AZURE - East US 2 (Virginia) - SI:20191213
Incident Report for Snowflake
Postmortem

Summary

Between 8:04:00 PDT and 08:53 PDT on Dec 13, 2019, some Snowflake customers in AZURE - East US2 (Virginia) experienced the following symptoms:

  1. Queries taking longer than usual or Degraded Performance
  2. Queries waiting on “Warehouse Provisioning” state
  3. Queries failing to complete

Root Cause

A service host running critical internal warehouse maintenance tasks experienced memory pressure slowing down operations. This memory pressure resulted in delays in scheduling queries on warehouses. Snowflake services use health checks to identify unhealthy hosts. However, the health check in this instance was below the threshold, and as a result, the sick host was not replaced automatically.

Resolution

We started to investigate this issue in response to internal alerts and customer cases. We identified the affected host and took it out of circulation. The affected services migrated to alternate hosts and worked through the backlog of pending requests. Service was fully restored by 8.53 PDT.

Improvement/Changes

First, we apologize for the inconvenience caused by this incident.

First, we apologize for the inconvenience caused by this incident.

  • Enhance alerting to improve response times to detect delays in scheduling of queries.
  • Continuous effort by engineering to look at further enhancing the monitoring of services.

Note: The information contained in this report is confidential and is intended solely to promote safety and reduce customer risk.

Posted Dec 17, 2019 - 15:12 PST

Resolved
"The issue is now resolved.

We will post a preliminary Root Cause Analysis report within the next 48 business hours and follow up with a detailed RCA in the next seven business days.

We apologize for the inconvenience. If you have any questions or see any related issues, please send feedback to support@snowflake.com or submit a support request ticket via the Snowflake Lodge Portal.
Posted Dec 13, 2019 - 09:29 PST
Monitoring
We applied a fix to resolve the issue. We are now monitoring the system for any further recurrence of the problem, and we will be in this state for 30 minutes.

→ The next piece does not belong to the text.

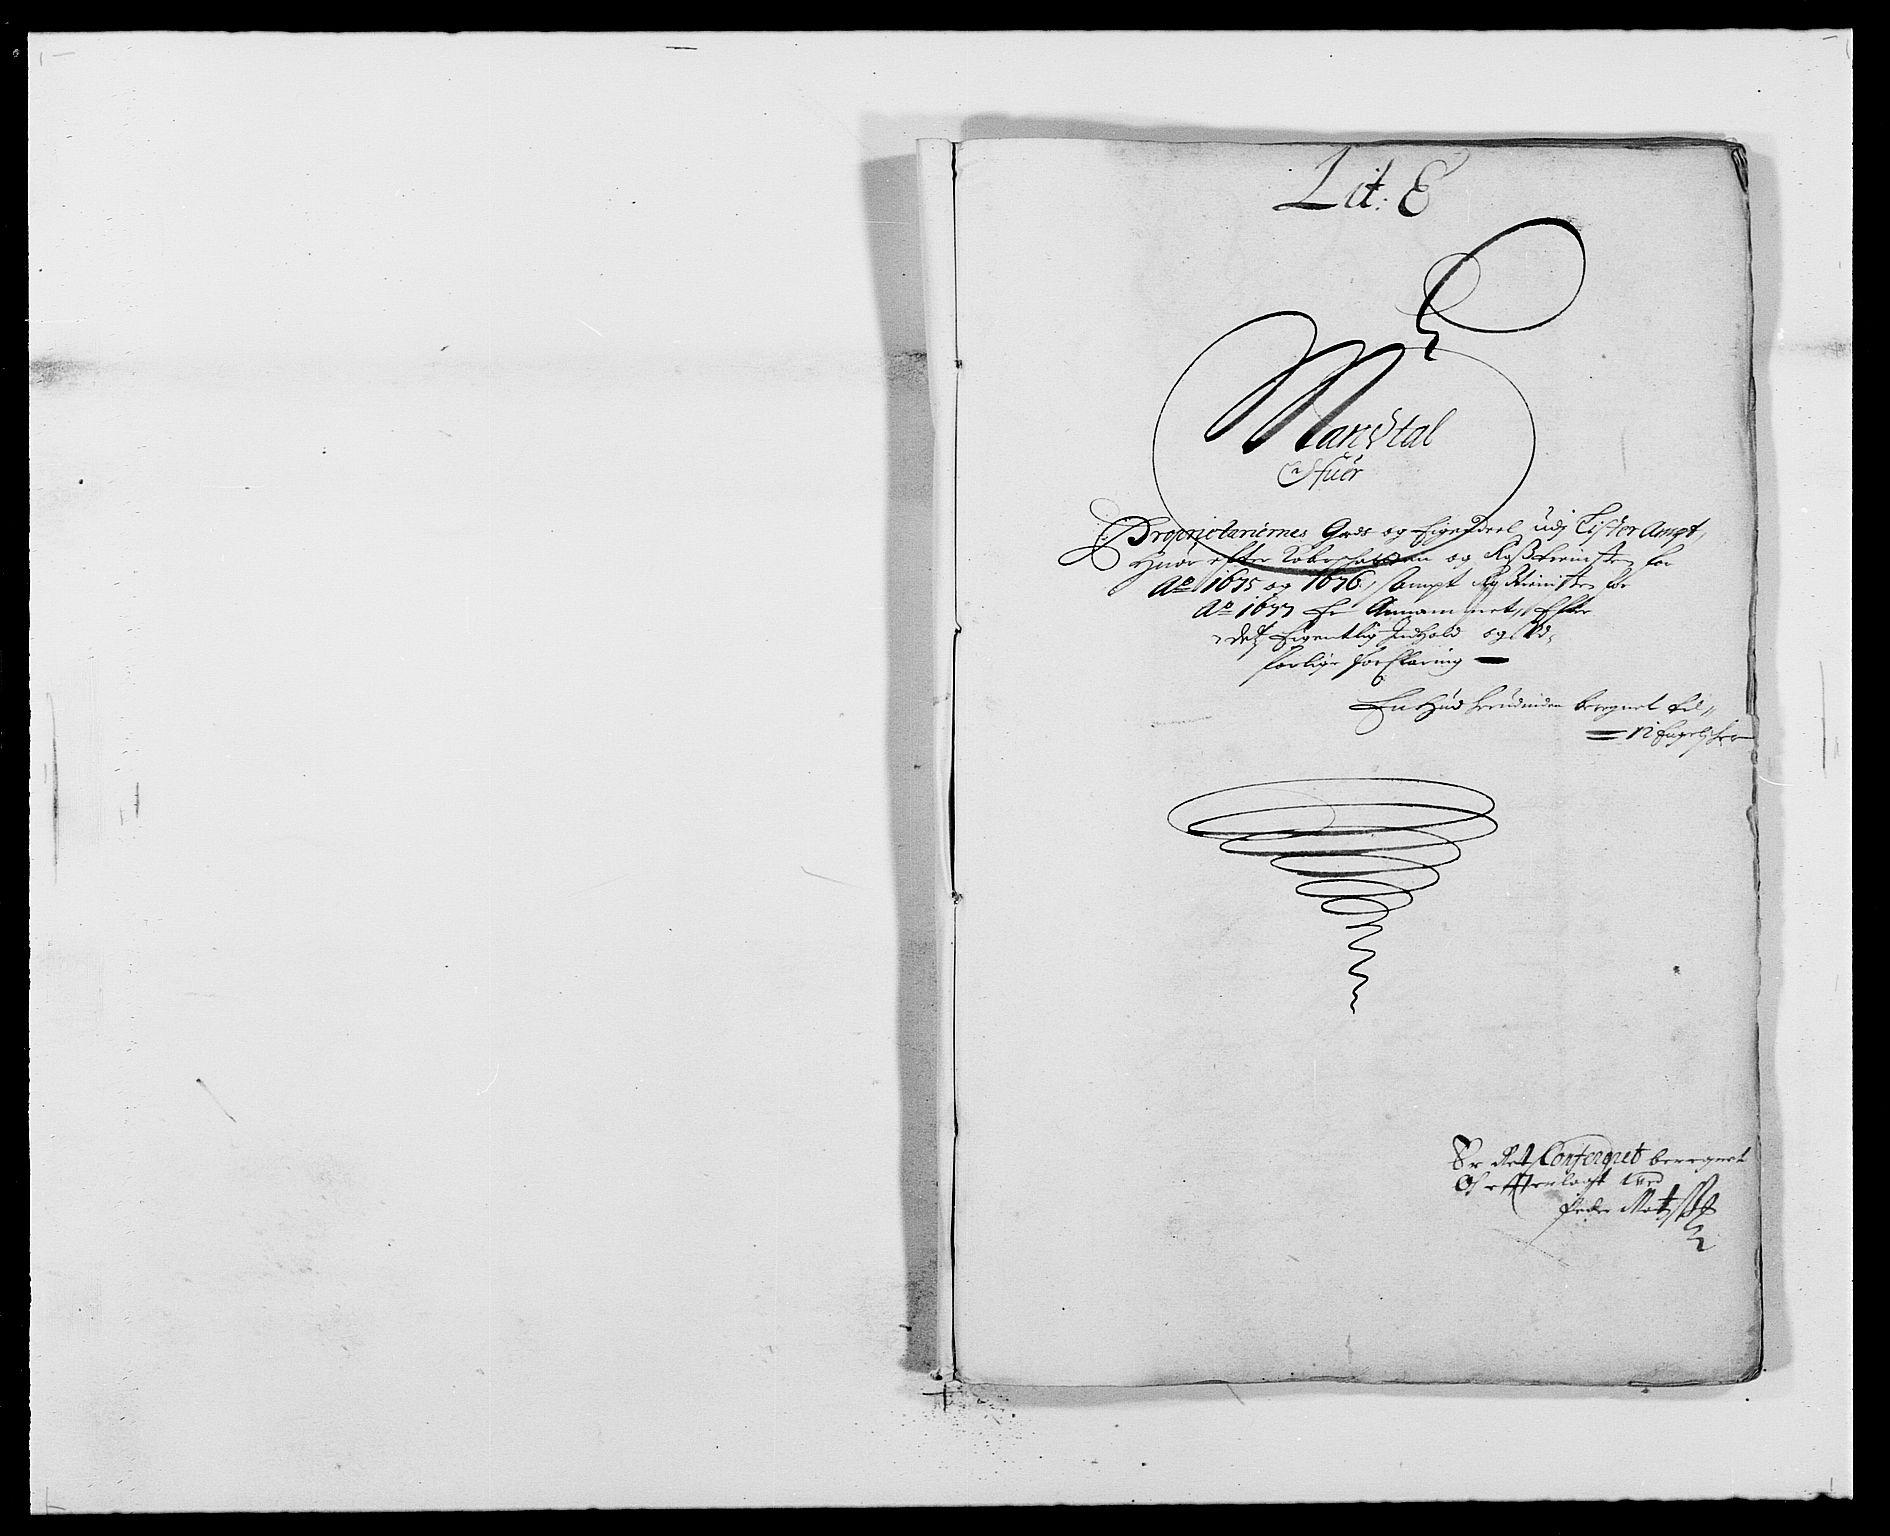 RA, Rentekammeret inntil 1814, Reviderte regnskaper, Fogderegnskap, R41/L2530: Fogderegnskap Lista, 1677-1679, s. 91

Please reach out to Support at support@snowflake.com if you continue to face any issues caused by this issue.
Posted Dec 13, 2019 - 08:53 PST
Investigating
We are investigating an issue with one of the Snowflake services. We will provide more information as soon as we have identified the problem. We will provide an update in 90 minutes.
Posted Dec 13, 2019 - 08:39 PST
This incident affected: AZURE - US East 2 (Virginia) (Snowflake Data Warehouse (Database)).